楚天瀚的手穿过两个人之间的桌面落到了她的头顶,柔声道:“每个人都要长大的,在这个过程之中都会遇到许多的事情,如果可以的话,我想好好的保护你,不让你学着长大,但是事情发生了,我还是希望你勇敢的去面对。”
他微微笑了笑,目光温柔:“以后你还会遇到很多的事情,我希望你在变得坚强的同时,也能一直这么保持纯真。”
许清岚点了点头,神色之间还是有些忧色。
楚天瀚极其精明,怎么会看不出来,眉头不禁微微一皱:“还有什么事?”
“今天我从洗手间回来的时候,楚妍说了一句话,”许清岚斟词酌句,“她开玩笑说洗手间里面是不是有个血族人,怎么我去了一趟,连魂都没有了。”
她抬起眼睛看向楚天瀚:“疫人不是吃血的吗,和人的魂魄有什么关系?”
楚天瀚就知道,许清岚其实根本就不是那种没有什么脑子的人,很多的时候她呆头呆脑的完全是因为不愿去想,而不是想不通。
“疫人也好,血族人也好,”楚天瀚叹了口气,想起昨天晚上答应过她的,以后有什么事情都不在瞒着她,于是回道:“甚至是人类也好,都对自己没有的东西有种渴求,我们没有灵魂,所以对灵魂有种执念。”
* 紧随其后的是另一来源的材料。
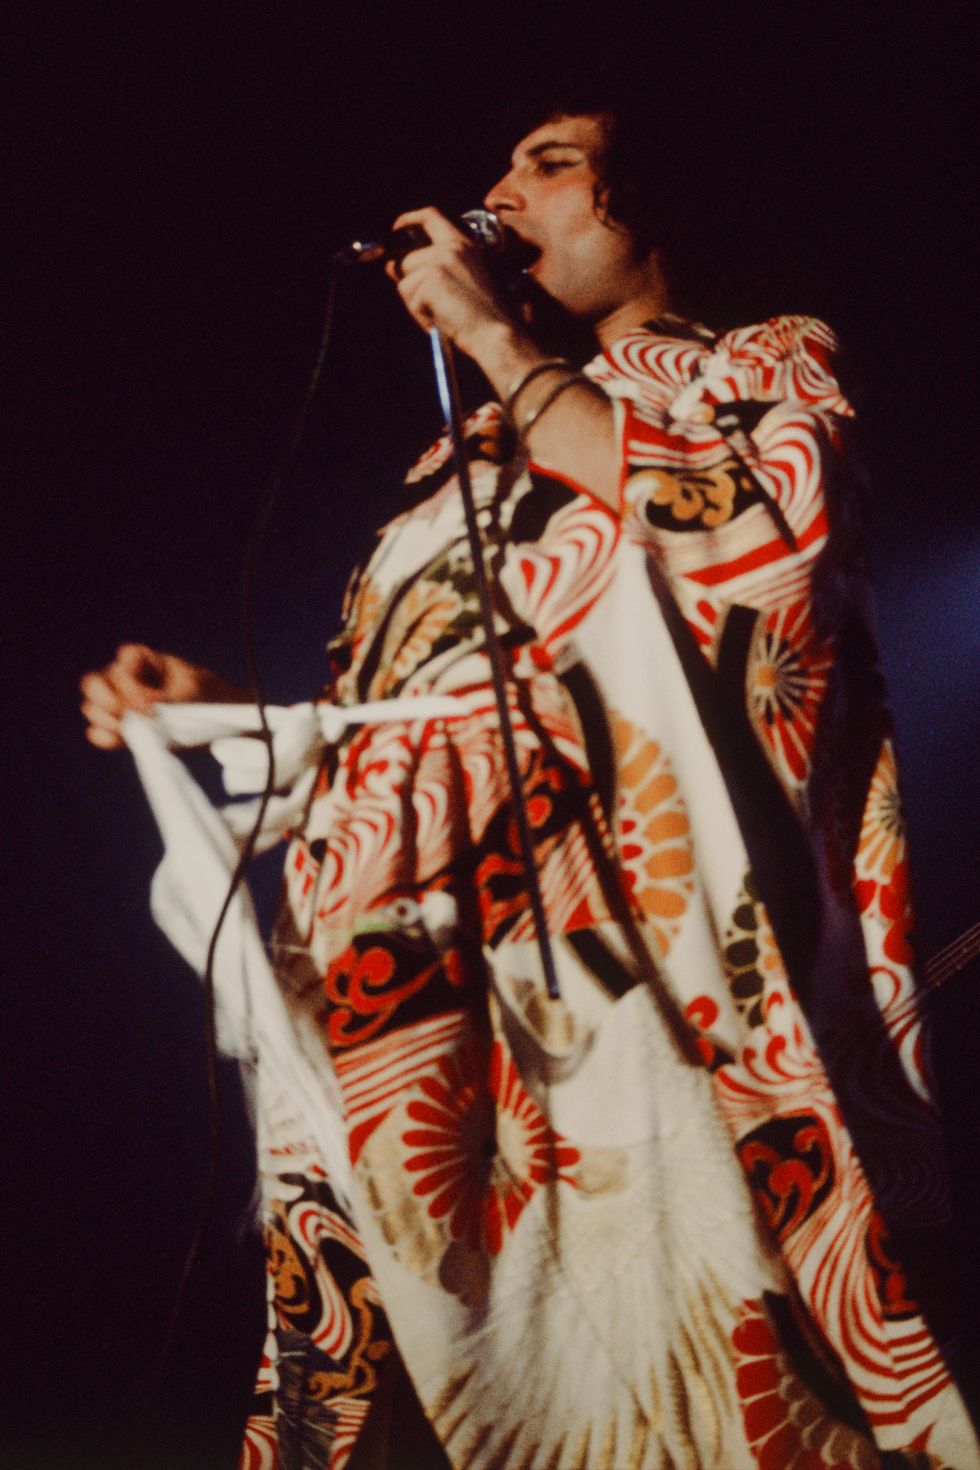 Queen Live At Nippon Budokan Freddie Mercury In Kimono　V&Aミュージアム　きもの展

他想了想,尽量用缓和一点的词句,免得吓着她:“在吃人的时候……他们喜欢以灵魂为辅料……说的直白一点,血对于疫人来说,就是主食,而灵魂,就是水。”
许清岚倒吸了一口气。
楚天瀚垂下眼睛去闭口不言了,疫人在啃食人的灵魂的时候,是连着身体一起被啃食的,灵魂被撕扯的痛苦,可比身体上的疼痛厉害的多。
许清岚沉默了,楚天瀚犹豫了一下:“你还有什么要问的吗?”
许清岚看着他的眼睛,已经到了嘴边的话,却忽然什么都问不出来了。
她想问问流迭的事情,问问心晶的事情,但是一时间竟是很多的话被卡在喉咙里面,什么也问不出来了,于是摇了摇头。
楚天瀚停了一下,然后伸手过去摸了摸她的头顶:“那就不要这么不开心了,我喜欢那个笑的没心没肺的你。”
许清岚点了点头。
两个人在茶室里面坐了一会儿,爬山三人组就一身臭汗的回来了。
楚天瀚的龟毛立马就显现了出来:“臭死了,滚远一点。”
江崆释自己拿了个茶杯喝了一大口茶,烫的他一口又喷了出来,正好喷到季琛的衣服上面。
眼看着季琛的脸色黑了下来,许清岚在一旁添油加醋:“阿江哥哥,你怎么就是和琛哥哥过不去呢,就不能换个人吗?”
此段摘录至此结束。